Visual motion processing is very well understood, first appearing in primary visual cortex (V1) and very strongly present in subsequent areas MT and MST (hMT+). Robust evidence that area MT/hMT+ is critical to speed perception comes from several neurophysiological studies in nonhuman primates. In macacque area MT, neurons are selectively tuned to speed56,57 and lesions to MT impair speed discrimination4,5,59. In addition, when speed is misperceived, it can still be accounted for by MT responses3. Complementing this, work in human neuroimaging shows that speed discrimination preferentially activates hMT+60. By contrast, evidence for motion selectivity in primary auditory cortex is scant11,61 although several studies have found evidence for auditory motion selectivity in the planum temporale, an area downstream from A1 located posterior to it. PT is primarily involved with language and music, both of which involve motion over the frequency dimension, but several studies have shown it also exhibits robust responses to auditory movement over space25,62-66.
The nature of auditory motion processing is still debated. Selectivity for movement over space is not a key feature of the auditory system as the primary auditory representation is tonotopic rather than spatial.

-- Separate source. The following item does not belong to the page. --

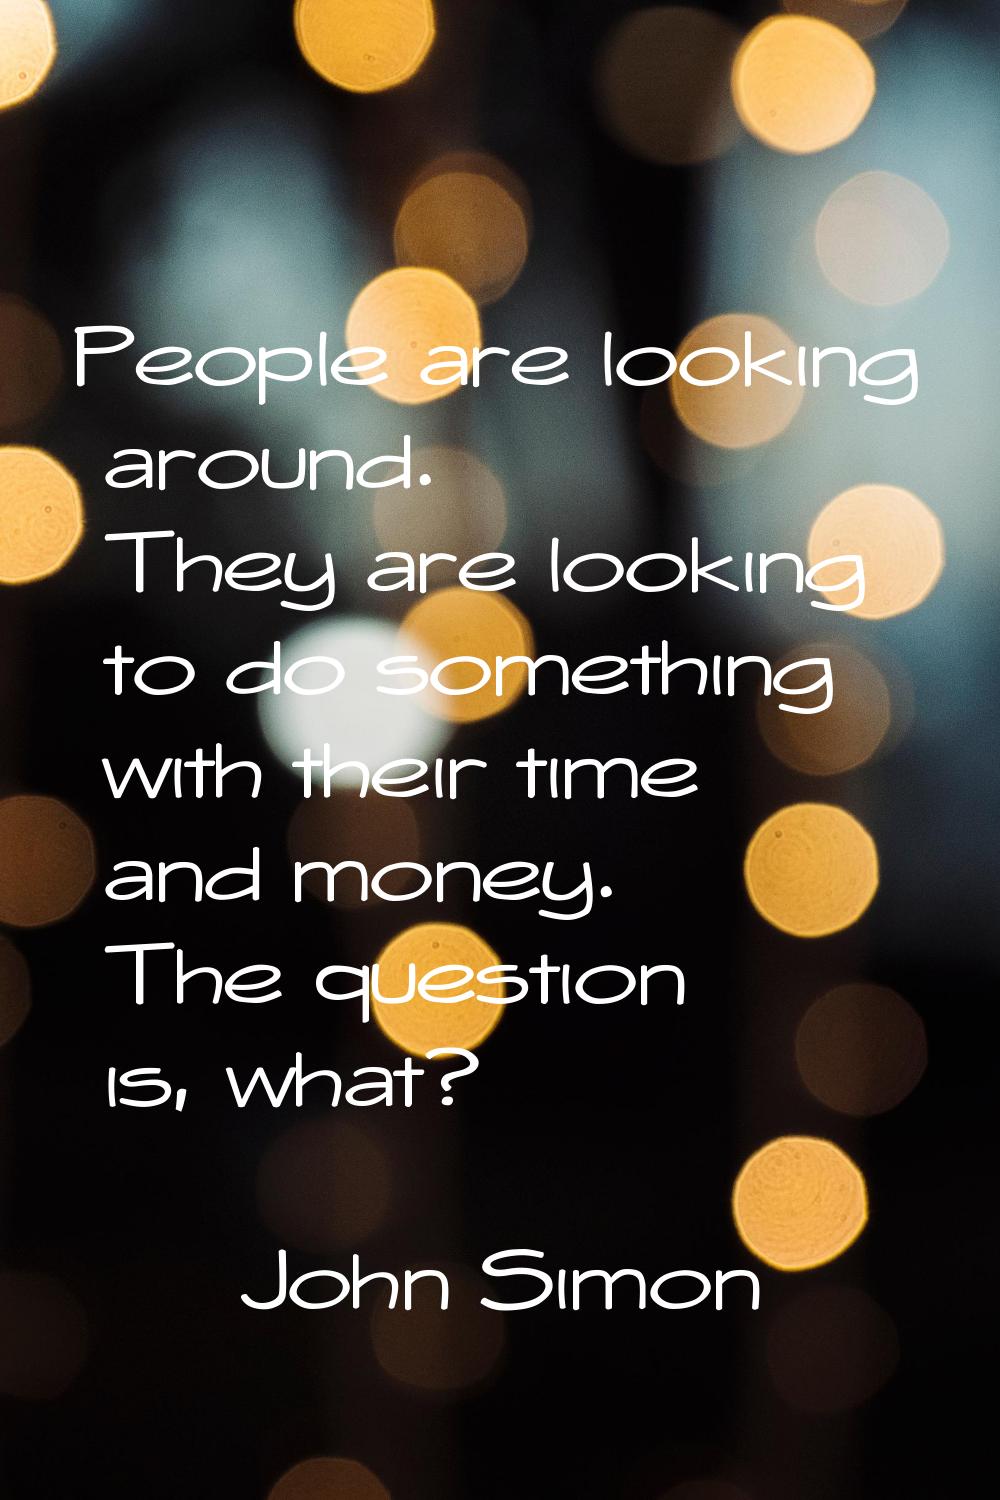 People are looking around. They are looking to do something with their time and money. The question

For a long time, the standard model has been the snapshot model, with auditory motion inferred from a series of two or more static samples or ‘snapshots’40,52,67. Consistent with this position, psychophysical data shows that distance and duration are the strongest cues determining auditory motion perception68. A recent model has added further nuance to the snapshot theory by adding a simple temporal integration period and finding it adds further explanatory power58. The continued viability of the snapshot model raises the possibility that evidence appearing to indicate motion selectivity in neurophysiological and neuroimaging studies64,66,69 could instead arise from samples of positional information along a motion trajectory. The notion of computing motion from a series of well-spaced static positions is very well known in vision where it is known as long-range apparent motion70 and such motion stimuli are very effective at activating the visual system’s specialised motion area, hMT+71-73.

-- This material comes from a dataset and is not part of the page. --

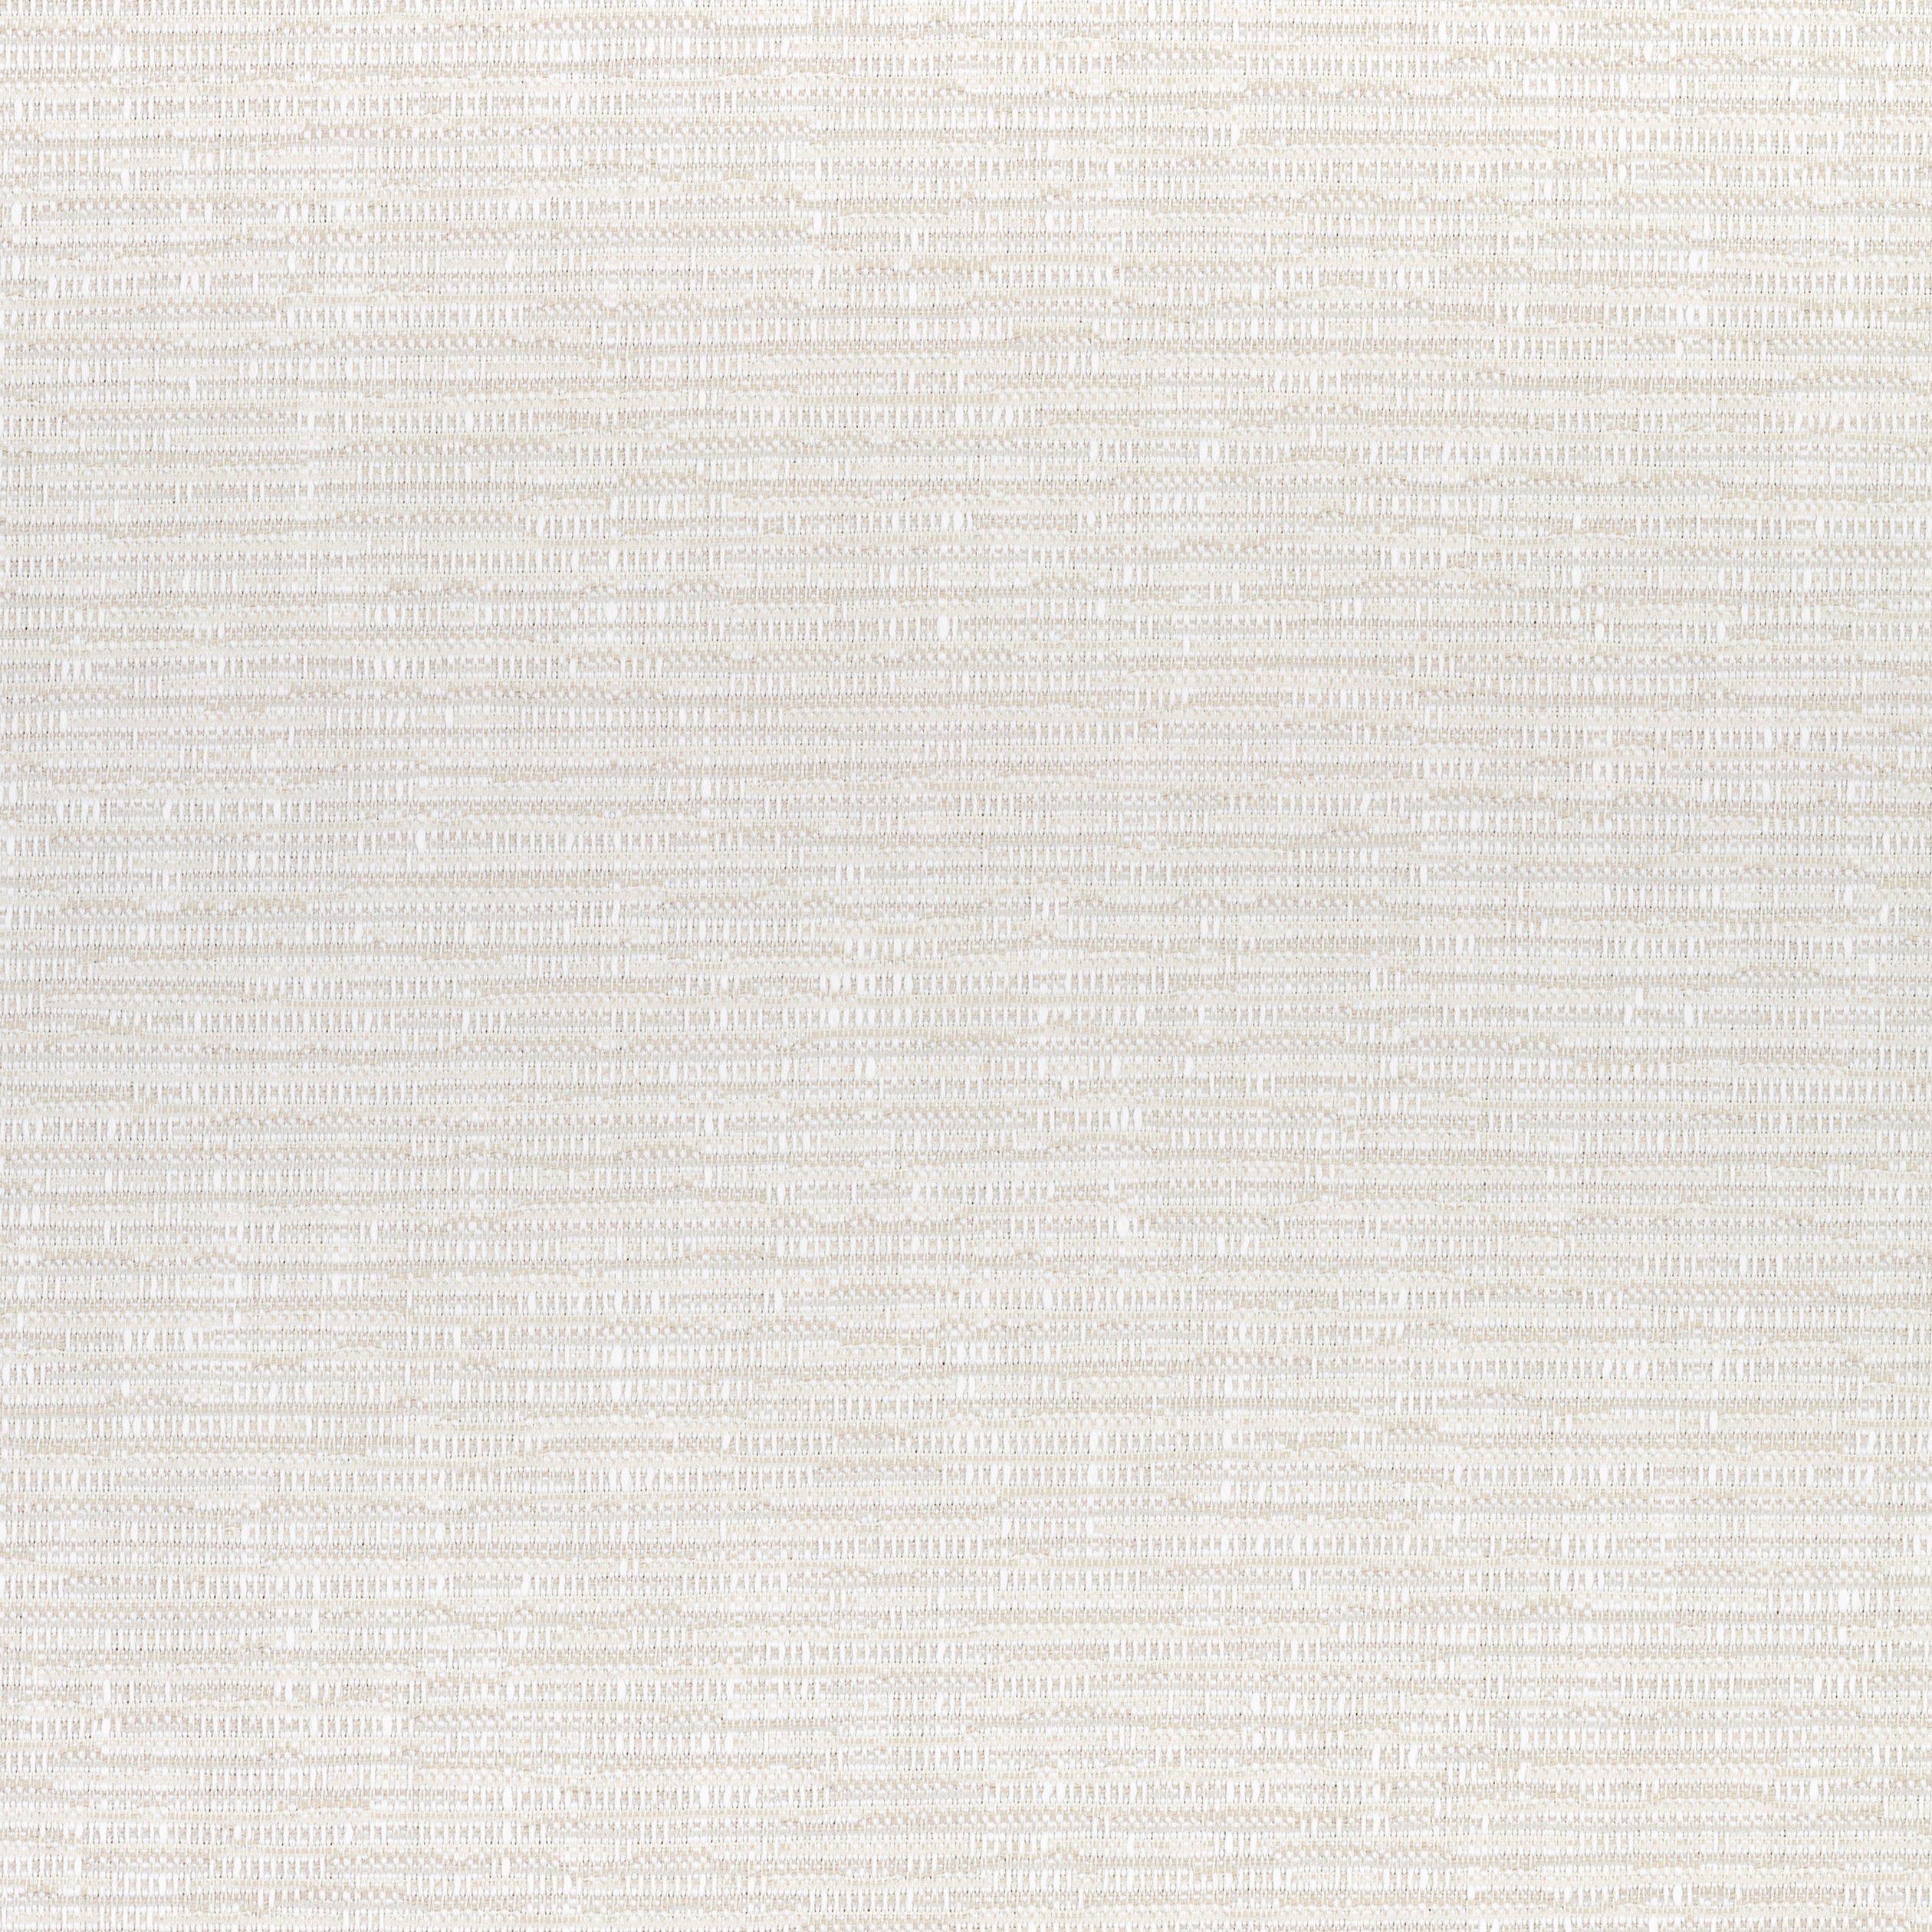 Cadence fabric in flax color - pattern number W74035 - by Thibaut in the Cadence collection

A number of studies have tested for a shared cortical representation of auditory and visual motion, in both PT and hMT+. Alink, et al.62 found reliable PT activation for auditory motion and also found an occipital area from which auditory direction could be decoded – although it was located ventrolaterally from the typical hMT+ location. More recently, Rezk, et al.25 found auditory and visual motion were both represented in right hMT+ and further showed that, in right hMT+, responses from motion in one modality could successfully decode motion from the other. This study establishes a direction-selective representation for auditory and visual motion in the same area. Previous studies have also reported that tactile motion also actives hMT+19,23, suggesting that it might be effectively a supramodal motion area. In the case of auditory motion, there is evidence from functional and diffusional MRI in human subjects indicating white matter connections between PT and hMT+74. This connectivity is a plausible pathway allowing auditory motion signals to activate hMT+.